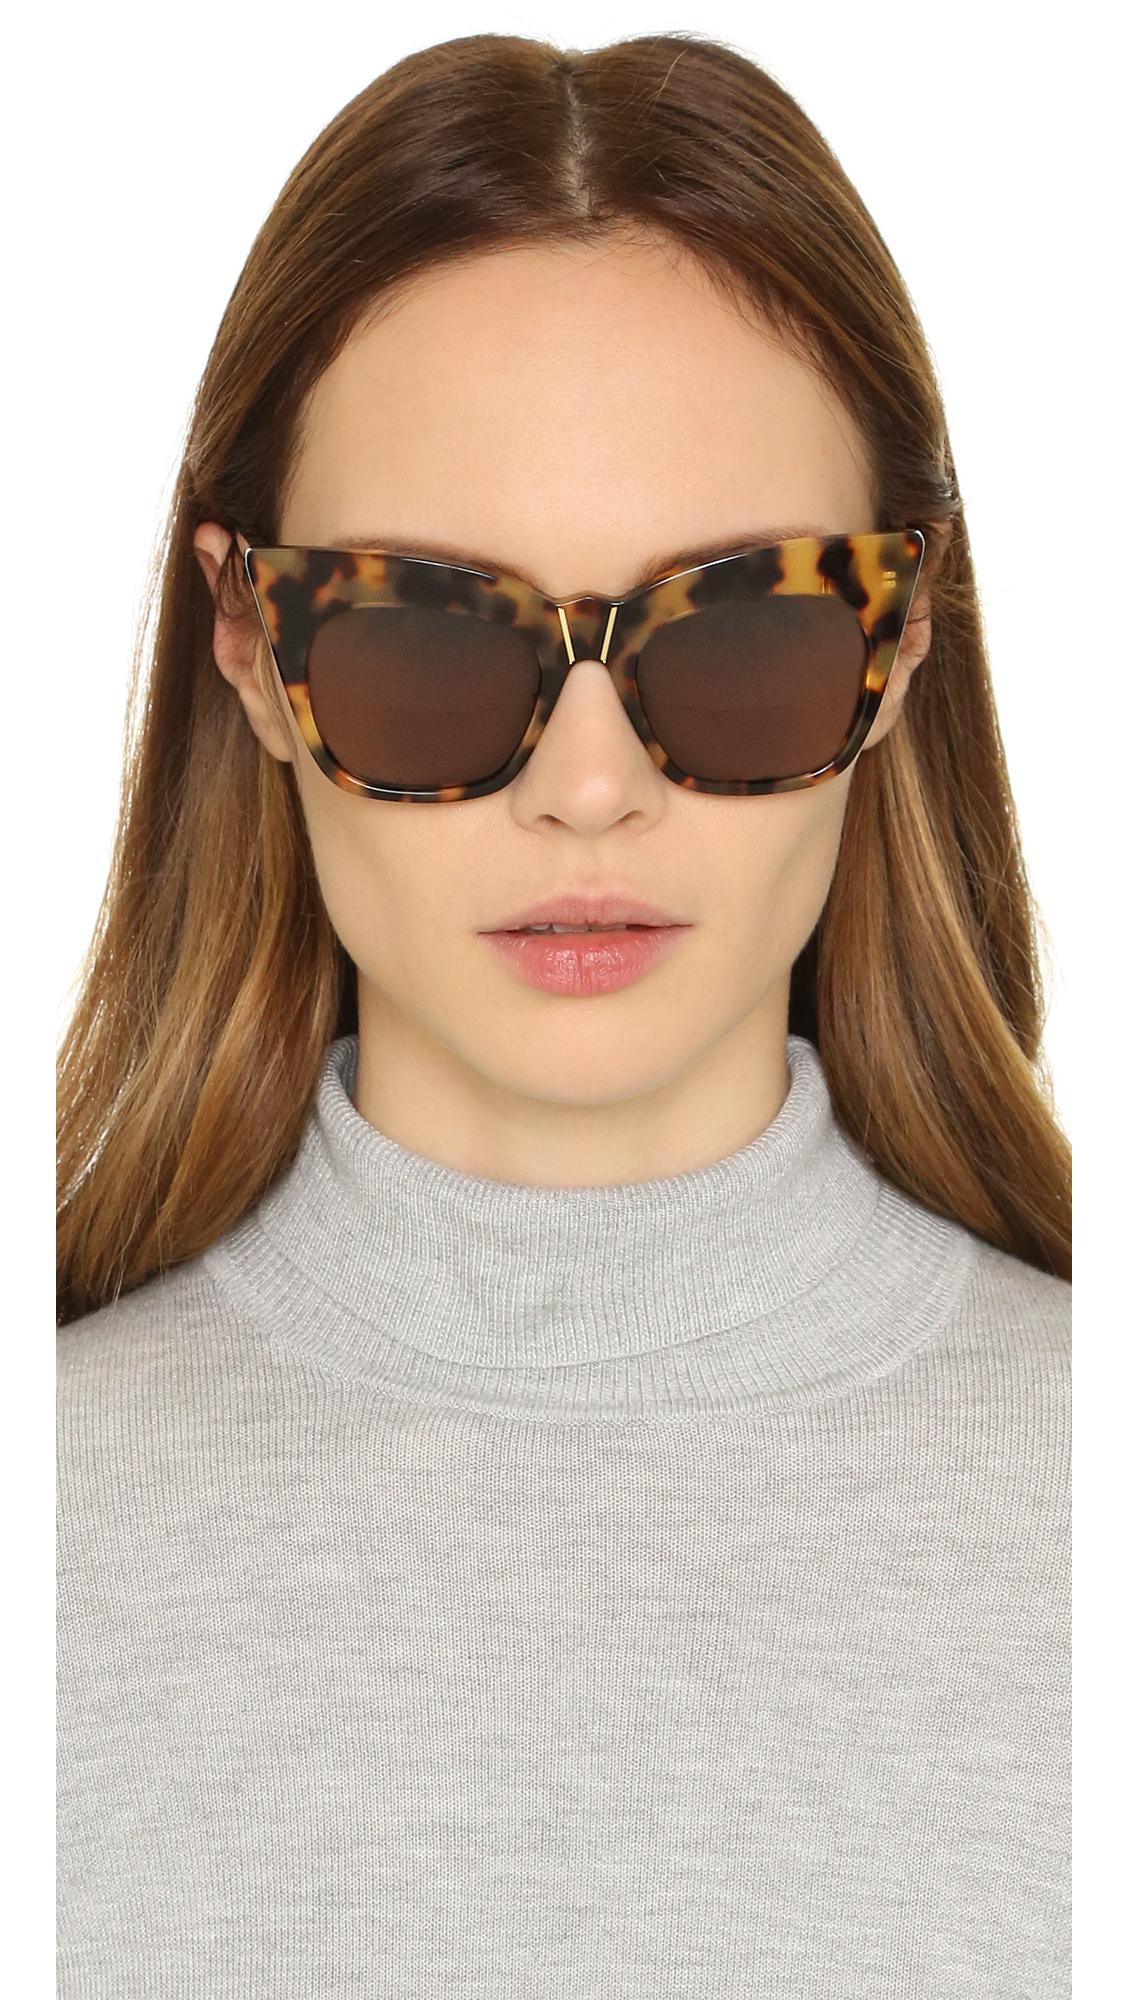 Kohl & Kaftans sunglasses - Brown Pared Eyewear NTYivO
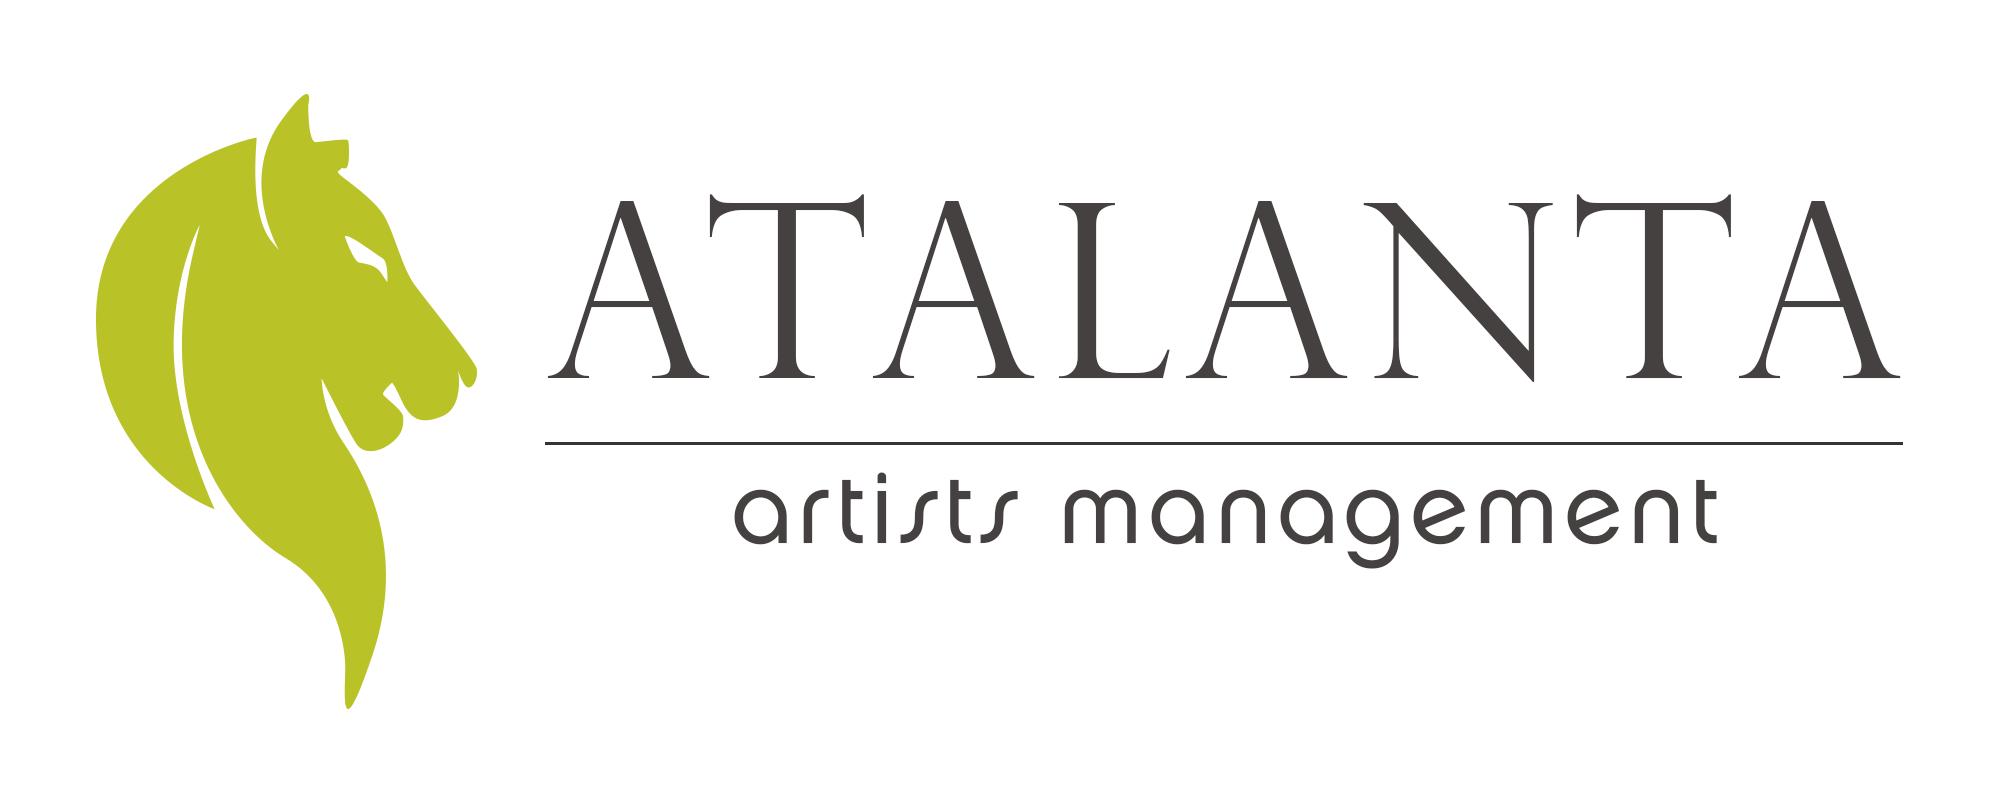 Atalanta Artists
...
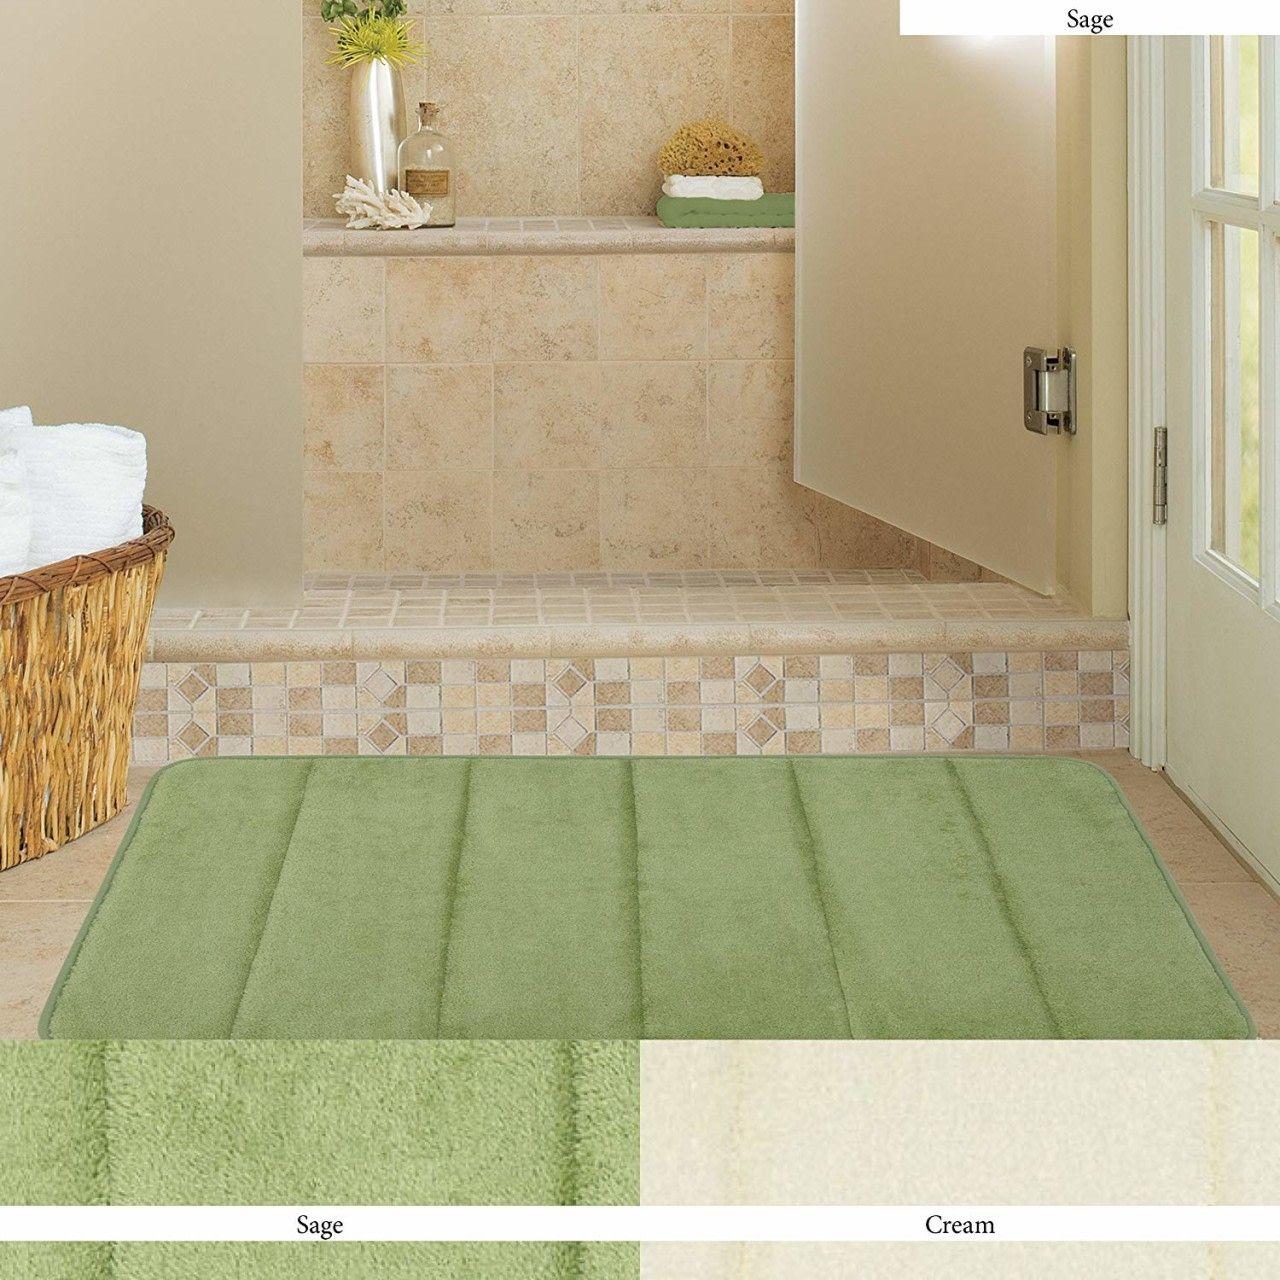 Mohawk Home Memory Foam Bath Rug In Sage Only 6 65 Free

■ Aim of the task
Beginning at the line above that contains "Kohl & Kaftans" and going on through the line that contains "Atalanta Artists", please copy every line exactly, leaving the pictures out and adding nothing.

■ Exercise solution
 Kohl & Kaftans sunglasses - Brown Pared Eyewear NTYivO
 Atalanta Artists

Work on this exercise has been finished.